Human milk (HM) is the first dietary exposure in infancy and the best nutritional option for growth and healthy development of the newborn and infant. The concentrations of macronutrients, namely proteins, carbohydrates and lipids, change during lactation stages. HM has been studied extensively in the first 6 months of lactation, but there are limited data regarding milk composition beyond 1 or 2 years postpartum. The aim of our study was to describe longitudinal changes in HM macronutrient concentrations during the prolonged lactation of healthy mothers from the 1st to the 48th month. For the macronutrient content of milk of mothers breastfeeding for longer than 18 months, fat and protein increased and carbohydrates decreased significantly, compared with milk expressed by women breastfeeding up to 12 months.
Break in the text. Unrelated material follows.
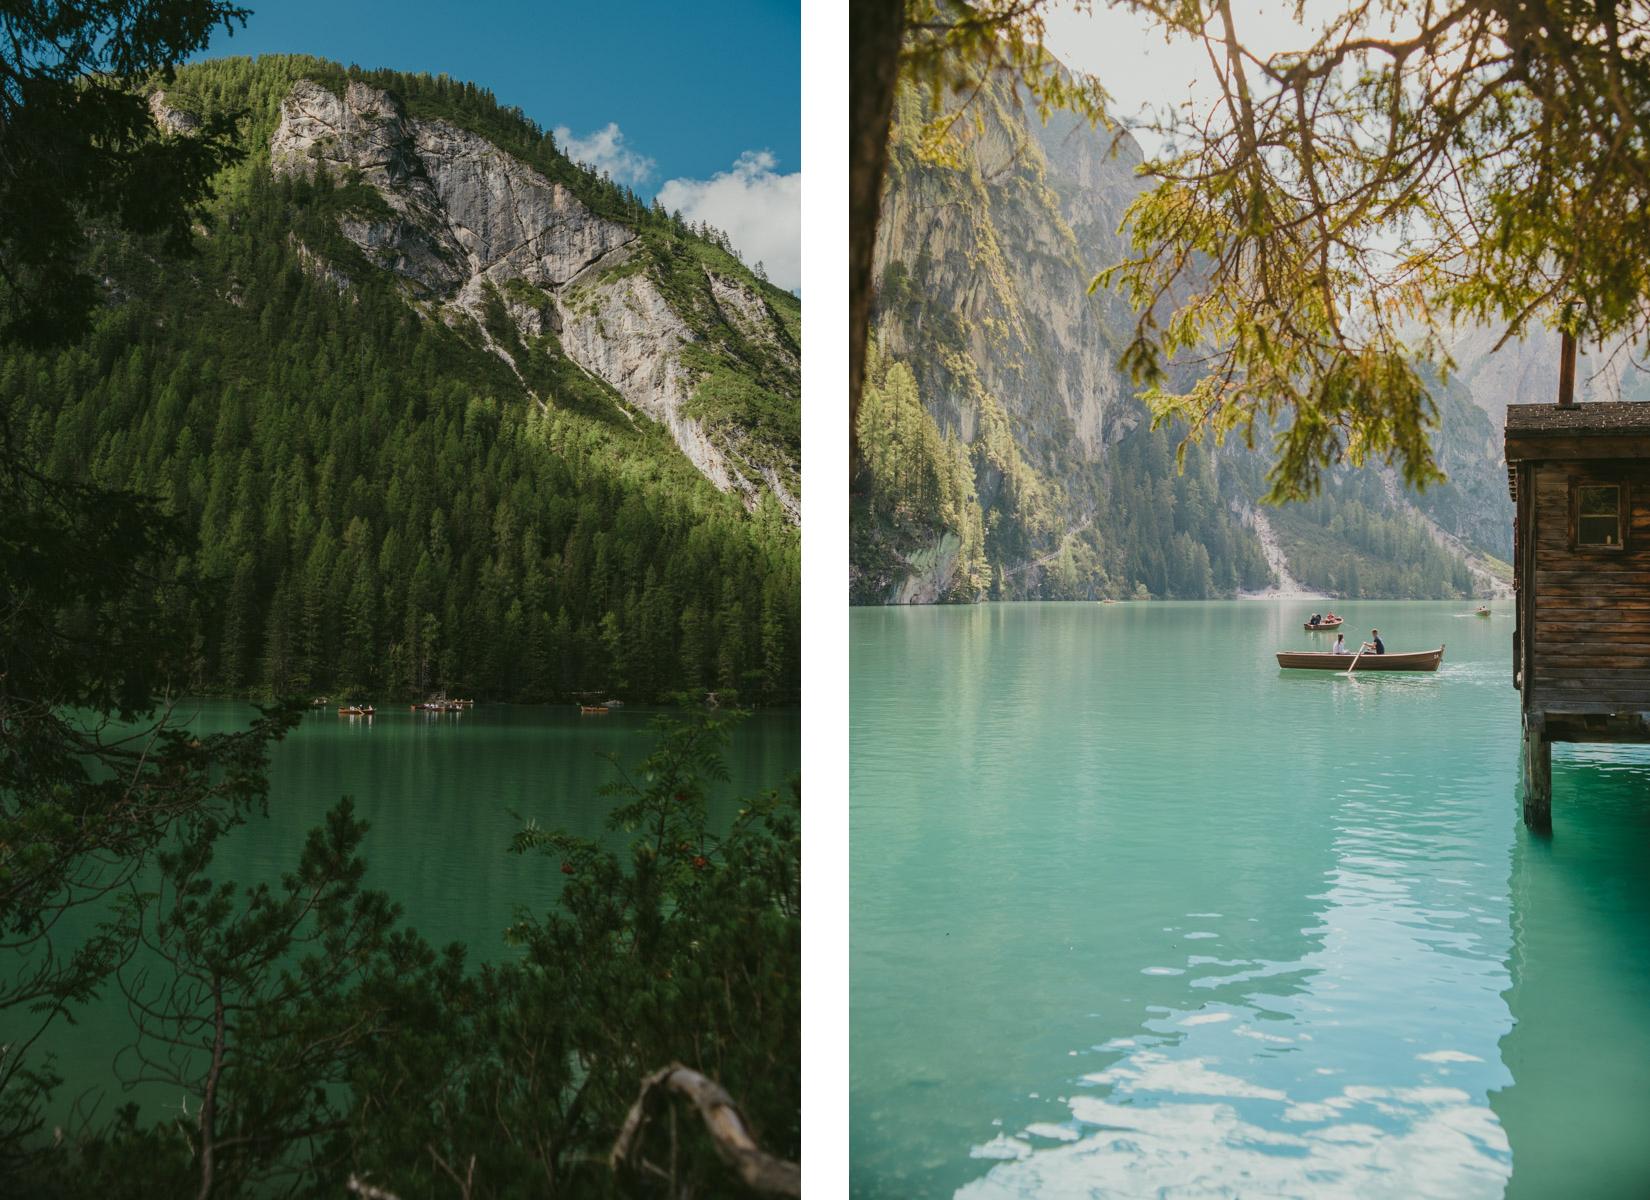 A panoramic view of Braies Lake on the Dolomites with some little boat floating on it ; una veduta panoramica del lago di Braies con piccole barche sullo sfondo

Moreover, the concentration of fat, protein and carbohydrates in HM over 2 years of lactation from the 24th to the 48th month remained at a stable level. However, analyzed macronutrients were positively (carbohydrate, r
= 0.51) or negatively (fat, r
= −0.36 and protein, r
= −0.58) correlated with the amount of feeding. Our results create a greater potential for understanding the nutritional contribution of HM over 2 years of lactation and showed that the source of calories in breast milk for older children is mainly fat, while carbohydrates play a greater role in infant nutrition in the early stage. The observed changes of macronutrient concentrations from the 1st to the 48th month of lactation are probably related to the adaptation of milk composition to the increased energy demand of the intensively growing child.